Which is why we are pleased we have stuck to our guns and our gut instincts, and stayed with just one primary label, (that is, have not pushed cheaper wine out there under a secondary label) kept our tonnage down (ie bunch-dropped), kept the quality high, and not sacrified quality for quantity. Despite the urgings of those who think they know best, we have not rushed out and found “a distributor”, but carried on quietly selling our wine by word of mouth, and it is solidly selling. There is nothing worse than a distributor mucking up and selling cheap, because you’ll never get the price back up again.
Anyway, all this preamble brings me to our other diversification – the Syrah, from the hot Rhone corner of the vineyard.

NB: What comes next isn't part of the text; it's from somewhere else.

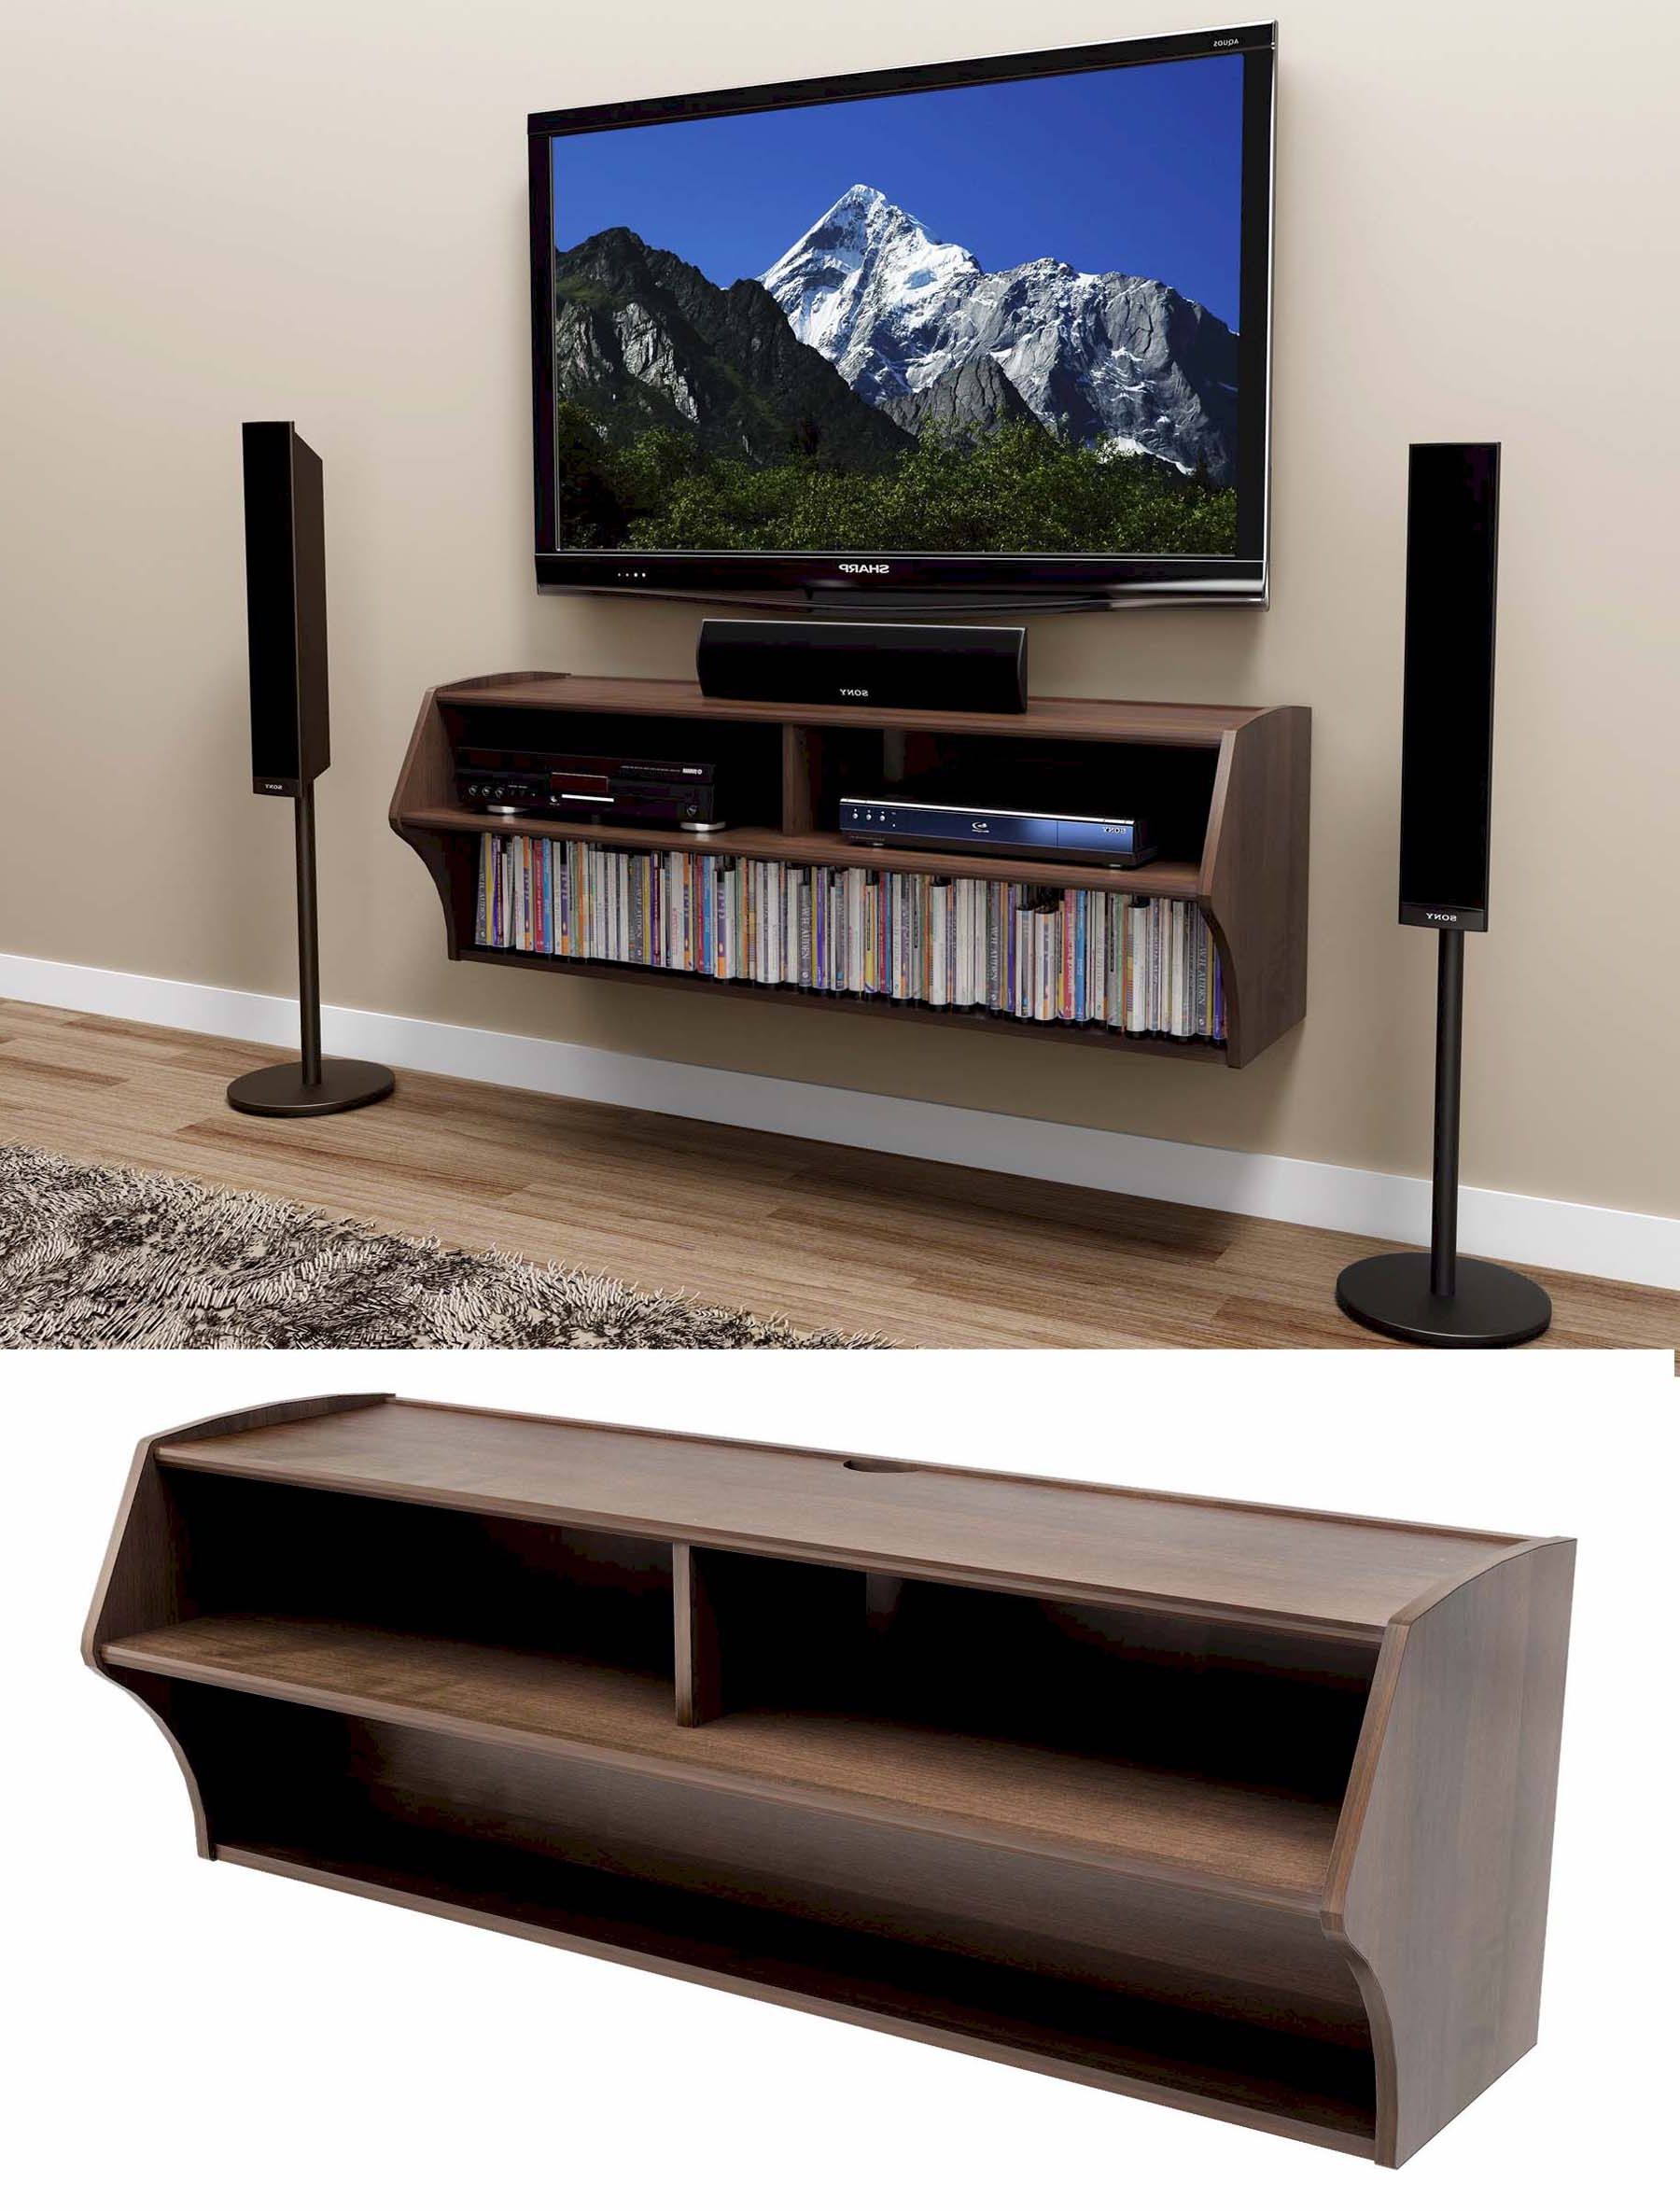 Corner Tv Shelf Component Stand Under For Cable Box Wall Mount With For Current Tv Stands Over Cable Box (View 8 of 20)
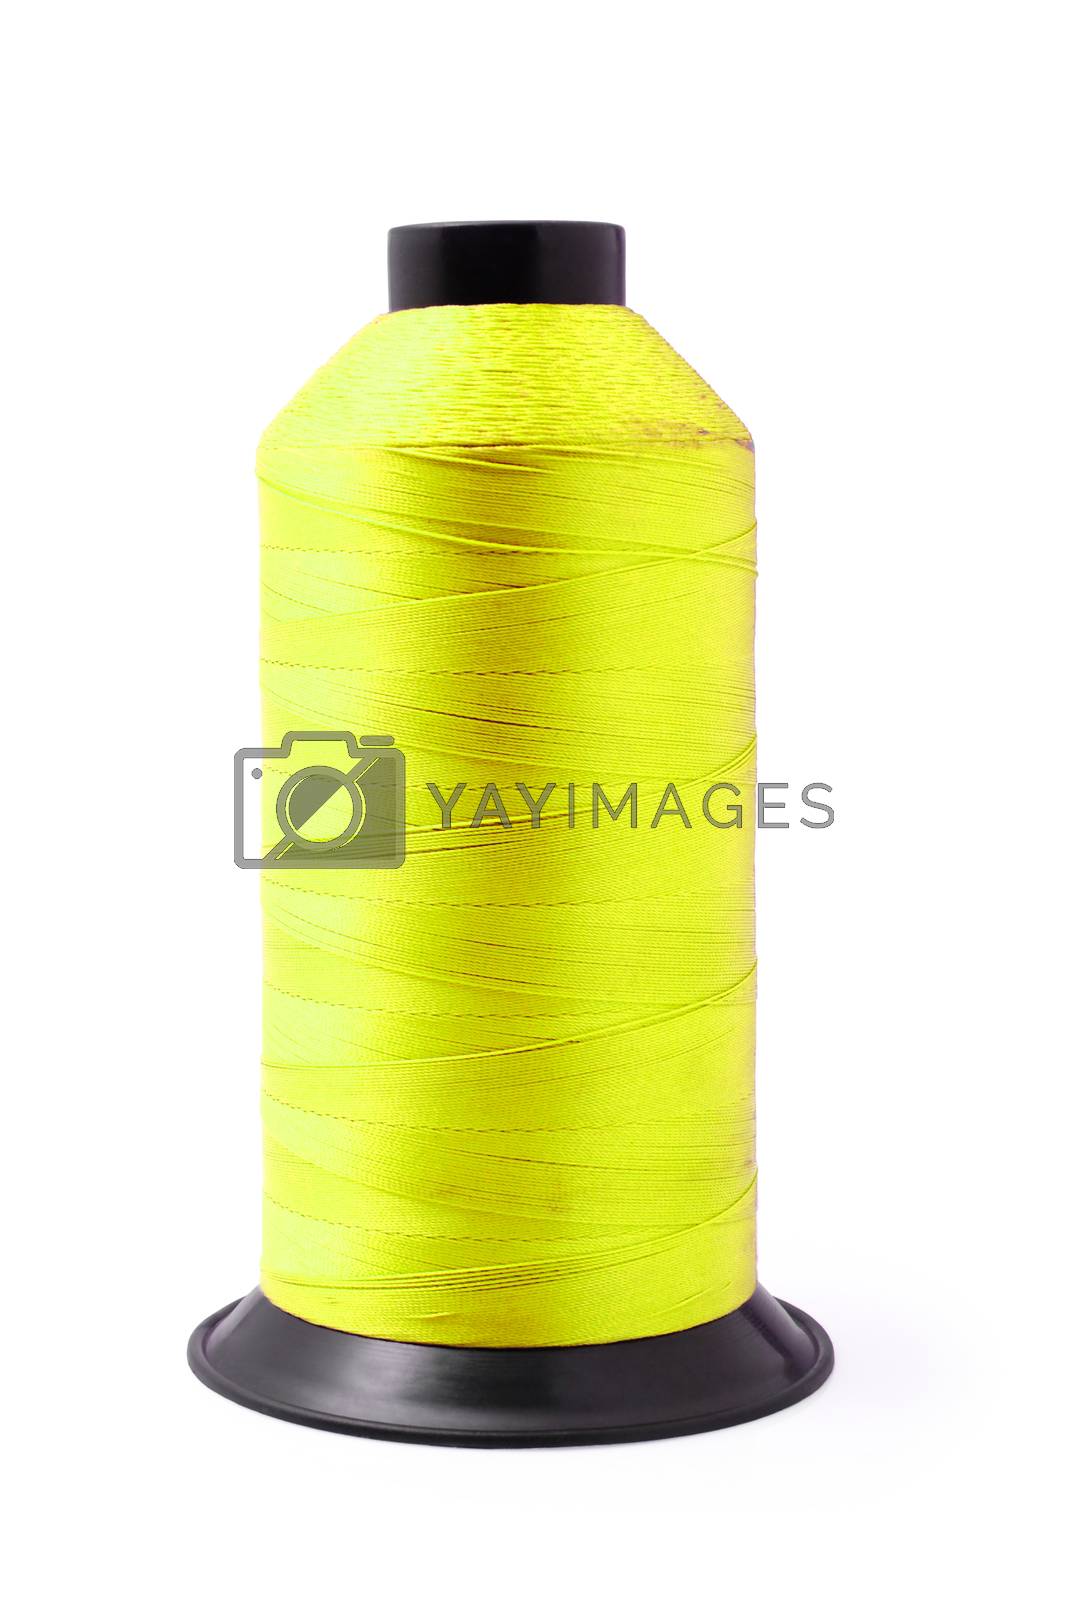 Royalty free image of Yellow sewing thread isolated with clipping path.     by phalakon

The 2008 Syrah, which Martinborough’s other master winemaker, Larry McKenna helped us make (and I’d have to say, he’s also the best winemaker I’ve ever met – but let’s face it, I know so little about making wine I’m easy to impress), has now been in the barrels for 18 months. So last Saturday we began racking it off to aerate it a little and freshen it up. We saved some to drink and it is drinking just lovely. Quite full on the mouth when you first take it in, but holding its flavour well all the way down. A good hearty syrah, I’d say, which will mature very well. We left it in two tanks for a couple of days then pumped it back into the barrels, and it will go into bottles, barely (if at all) filtered, very soon. This is very exciting – we have six barrels of this to be released, probably in about late 2010, 2011.What a lovely colour!